Quote Page

Price is what you pay; value is what you get.

Read the full context and commentary for this Howard Marks quote, including the core idea, practical application, and why it still matters. Howard Marks is the co-founder and co-chairman of Oaktree Capital Management, a leading global investment firm known for expertise in distressed debt and value investing; he built his reputation through decades of market cycles, widely read investment memos, and a disciplined focus on risk, price, and investor psychology.

Howard Marks quote portrait

Howard Marks

Price is what you pay; value is what you get.

Source: Memos · Valuation · Investing

Core Idea

The core idea is that a securities worth depends on its underlying business reality, not its market quotation, so smart investing focuses on intrinsic value rather than current price.

Practical Application

Use this by researching businesses deeply, estimating their intrinsic value, and buying only when the market price is meaningfully lower than that value, regardless of hype or fear.

Why It Matters

It highlights that markets often misprice assets, so disciplined investors gain an edge by independently judging intrinsic value and acting when price deviates significantly from true worth.

Related Reading

Explore Related Quotes

Use the links below to continue reading related ideas from the same author or from adjacent categories.

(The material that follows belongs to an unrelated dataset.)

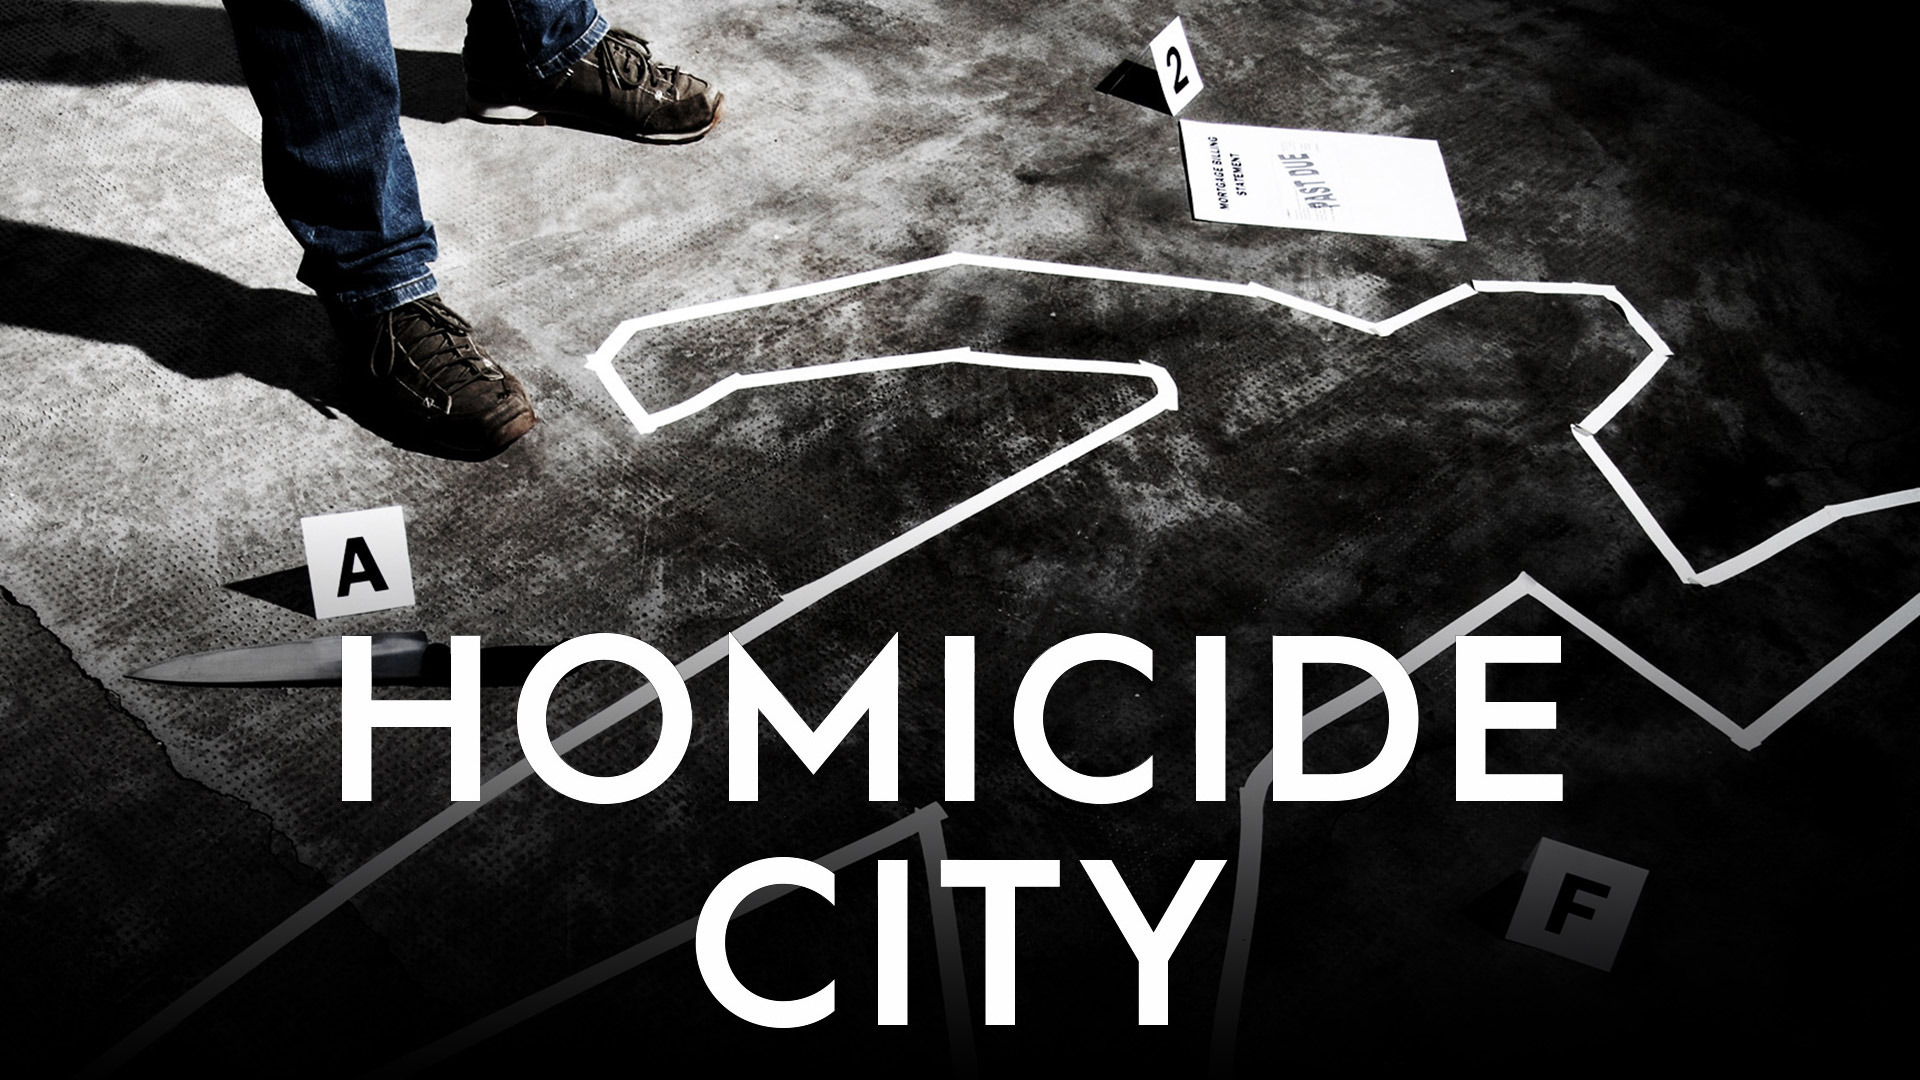 Show Homicide City

Smart investing doesn't consist of buying good assets but of buying assets well. This is a very, very important distinction that very, very few people understand.

By Howard Marks · Investing

There is nothing riskier than the widespread perception that there is no risk.

By Howard Marks · Risk

Superior investing shouldn't be about making brilliant decisions, but about avoiding poor ones.

By Howard Marks · Investing

Frequently Asked Questions

Questions About This Quote

Who said this quote?

This quote is attributed to Howard Marks.

What is the main lesson of this quote?

The core idea is that a securities worth depends on its underlying business reality, not its market quotation, so smart investing focuses on intrinsic value rather than current price.

How can readers apply this idea?

Use this by researching businesses deeply, estimating their intrinsic value, and buying only when the market price is meaningfully lower than that value, regardless of hype or fear.

Where can I read more?

Use the linked author and category pages to continue exploring related ideas.